10.1182/blood.v76.11.2327.2327 ◽

1990 ◽

Vol 76 (11) ◽

pp. 2327-2336 ◽

Cited By ~ 164

Author(s):

R Pieters ◽

AH Loonen ◽

DR Huismans ◽

GJ Broekema ◽

MW Dirven ◽

...

Keyword(s):

Drug Resistance ◽

Cell Survival ◽

Mtt Assay ◽

Large Scale ◽

Drug Sensitivity ◽

Lymphoblastic Leukemia ◽

Leukemia Cells ◽

Response Curves ◽

Mtt Reduction

Abstract The knowledge about drug resistance in childhood leukemias and acute lymphoblastic leukemia (ALL) in general is limited. This is because of the lack of a suitable in vitro drug sensitivity assay, which is in part due to low in vitro ALL cell survival. We recently adapted the highly efficient 3-[4,5-dimethylthiazol-2-yl]-2,5-diphenyl tetrazolium bromide (MTT) assay to test cells from ALL patients and showed that its results were comparable with those of the DiSC assay, up to now the most valid but laborious assay. In this study, in vitro drug sensitivity was assessed in cells from 82 children with leukemia, 79 of whom had ALL, with the MTT assay. Dose response curves were obtained for 6-mercaptopurine, 6-thioguanine (6-TG), prednisolone (Pred), daunorubicin (DNR), vincristine (VCR), cytosine arabinoside (Ara-C), L- asparaginase (L-Asp), mafosfamide, and mustine.

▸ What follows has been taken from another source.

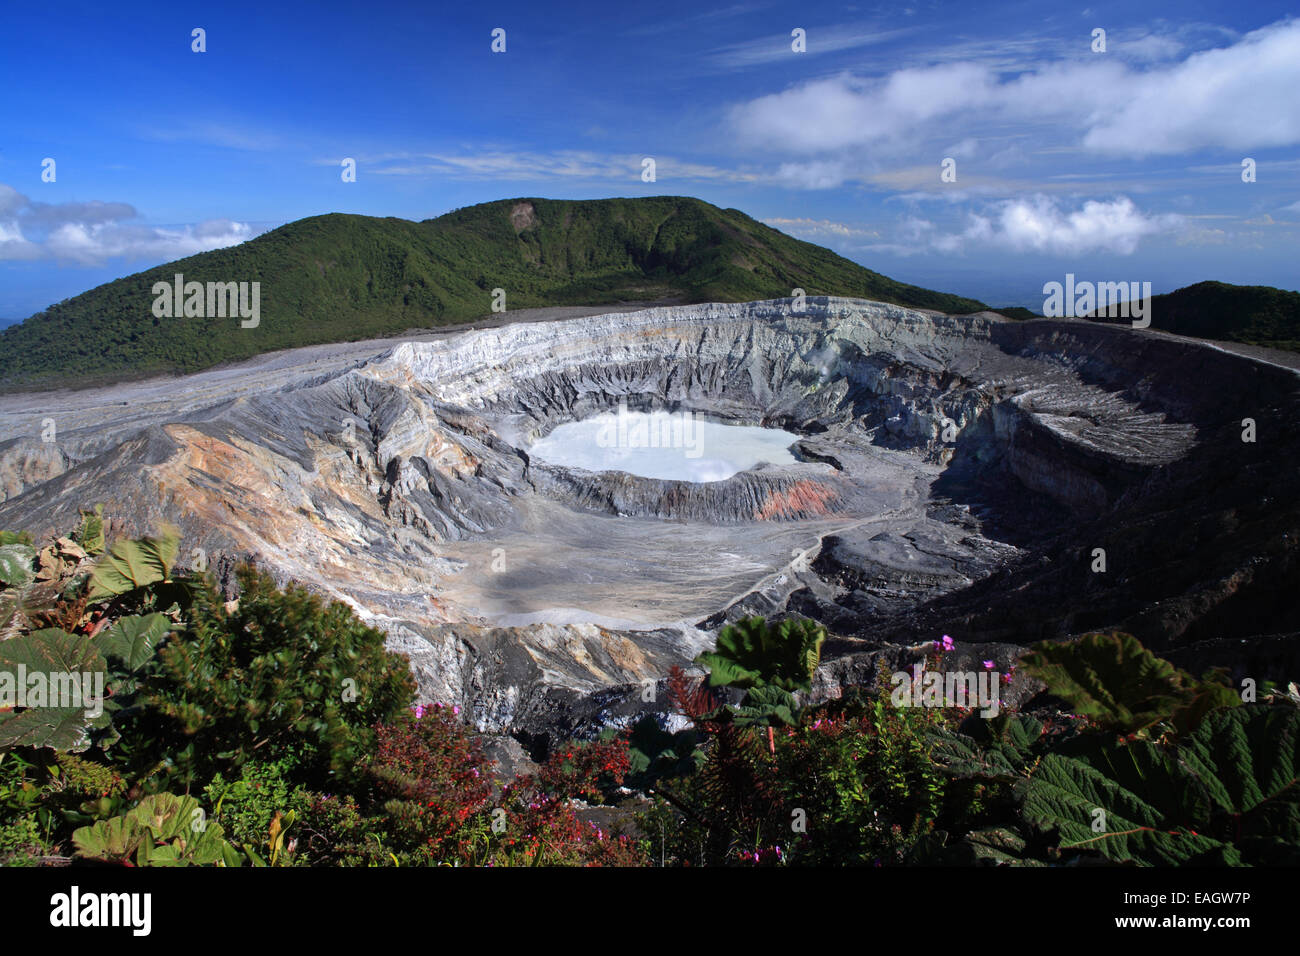 Active Crater of Poas Volcano, Alajuela, Costa Rica. - Stock Image

A cytotoxic effect of methotrexate could be detected in only a few cases. Large interindividual differences in drug sensitivity were detected. Compared with leukemia cells from newly diagnosed patients, leukemia cells from relapsed patients were significantly more in vitro resistant to 6-TG, Pred, Ara-C, mafosfamide and mustine but not to DNR, VCR, and L-Asp. Improvements of culture medium and methods to increase MTT reduction were studied. From 10 components tested, addition of insulin and bovine serum albumin to serum-containing medium improved ALL cell survival. Addition of succinate did not increase the amount of MTT reduction. We conclude that the in vitro MTT assay highly facilitates large-scale studies on drug resistance of ALL patients that can lead to rational improvements in existing treatment protocols.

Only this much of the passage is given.